Quick Recovery from Local Disasters

Edge filers are particularly advantageous in local disaster scenarios. Unlike a traditional file server, where restoring all the files from the cloud can take days, should the local edge filer become damaged and suffer a major data loss, a fresh edge filer can be fired up to restore service in an instant. Here’s how it works:

  • Step 1 – Following a major failure involving loss of a local filer, a fresh, empty edge filer is spun up as a virtual machine or cloud instance. The filer then repopulates itself with metadata for the files (the actual mass of the data is not downloaded), and within a couple of minutes the filer is ready to serve users.
  • Step 2 – Users start to work with the new edge filer. The first time a file is accessed there may be some latency, but this quickly disappears over time as the cache is warmed up.

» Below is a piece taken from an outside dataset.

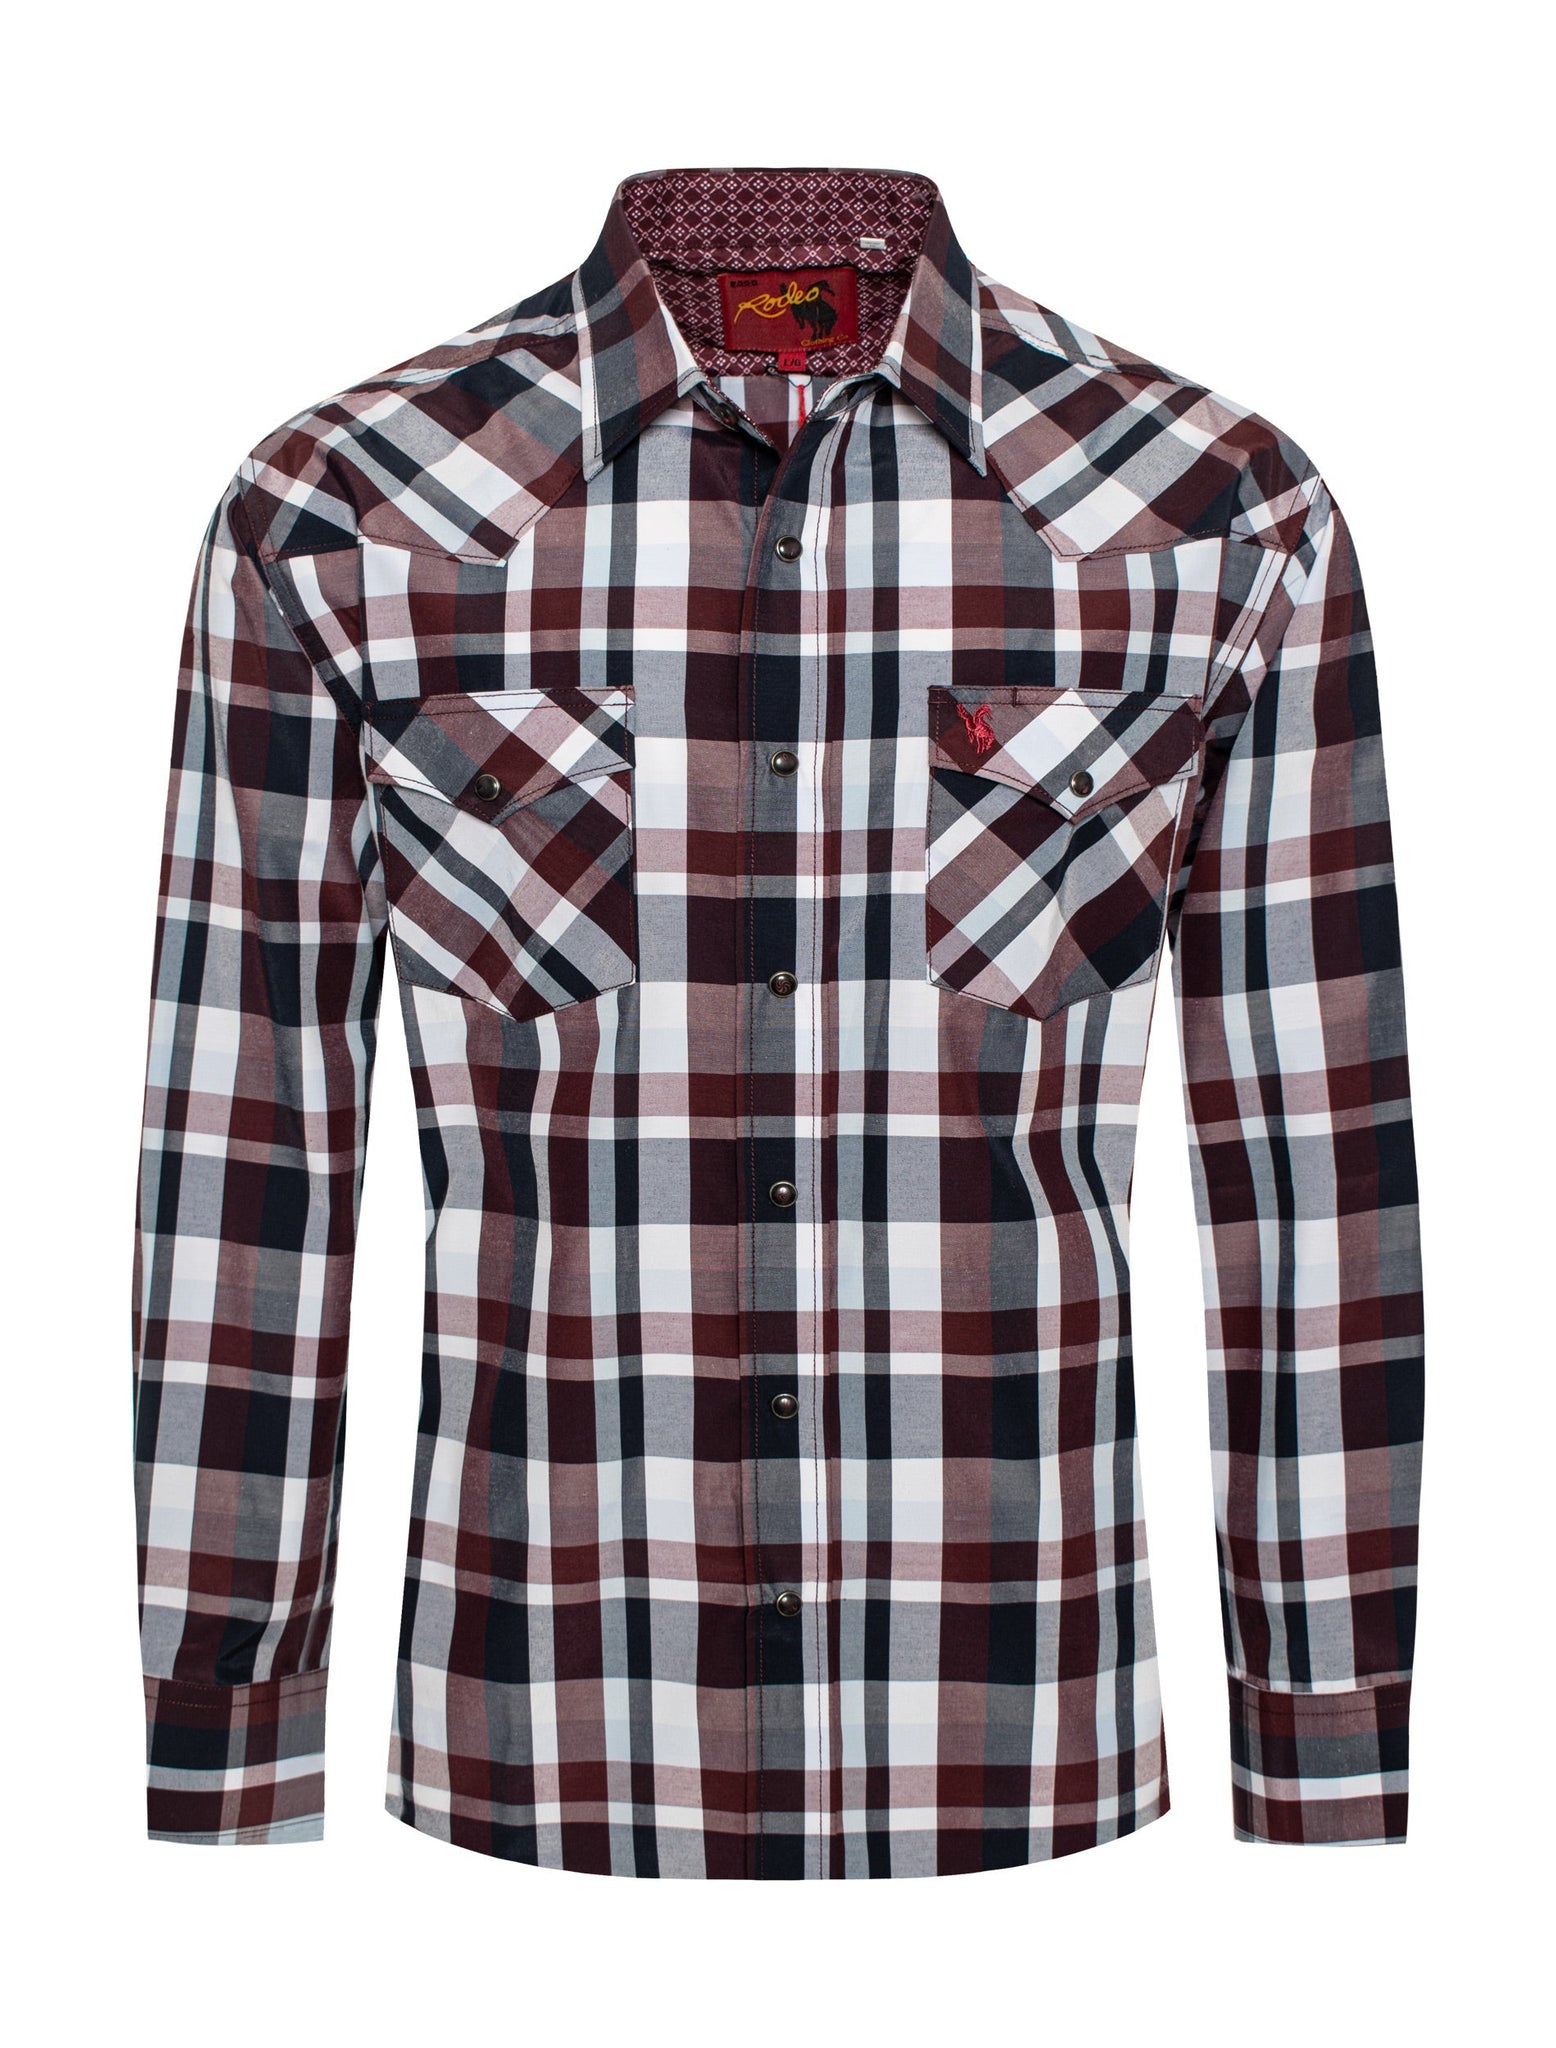 Men's Western Long Sleeve Pearl Snap Plaid Shirt -PS400-416

DR as a Springboard for Full Cloud Migration

As noted in my previous postcloud disaster recovery , implementing DR in the cloud can be a powerful catalyst towards full IT migration to the cloud. Once your cloud DR site is operable and well-practiced, the subsequent steps are relatively simple:

  1. Convert your cloud datacenter into the primary datacenter. Since you’re already periodically performing DR drills, shifting the workloads to the cloud can be done instantly, with minimal risk and effort.
  2. Deploy another datacenter in the cloud for DR purposes in a different availability zone or even better, using a different cloud provider altogether. This multi-cloud approach is the “holy grail” of business continuity, providing the highest levels of redundancy and business flexibility in terms of reducing costs and avoiding vendor lock-in.
  3. Once you’ve tested your new secondary datacenter, the last step is to shut down your physical datacenter and operate your entire infrastructure from the cloud.

So there you have it. By deploying a secondary datacenter in the cloud, together with Edge Filers supporting smart file caching at your branch offices, you’ll benefit from cost-effective DR with minimal to zero disruption to users in a disaster scenario.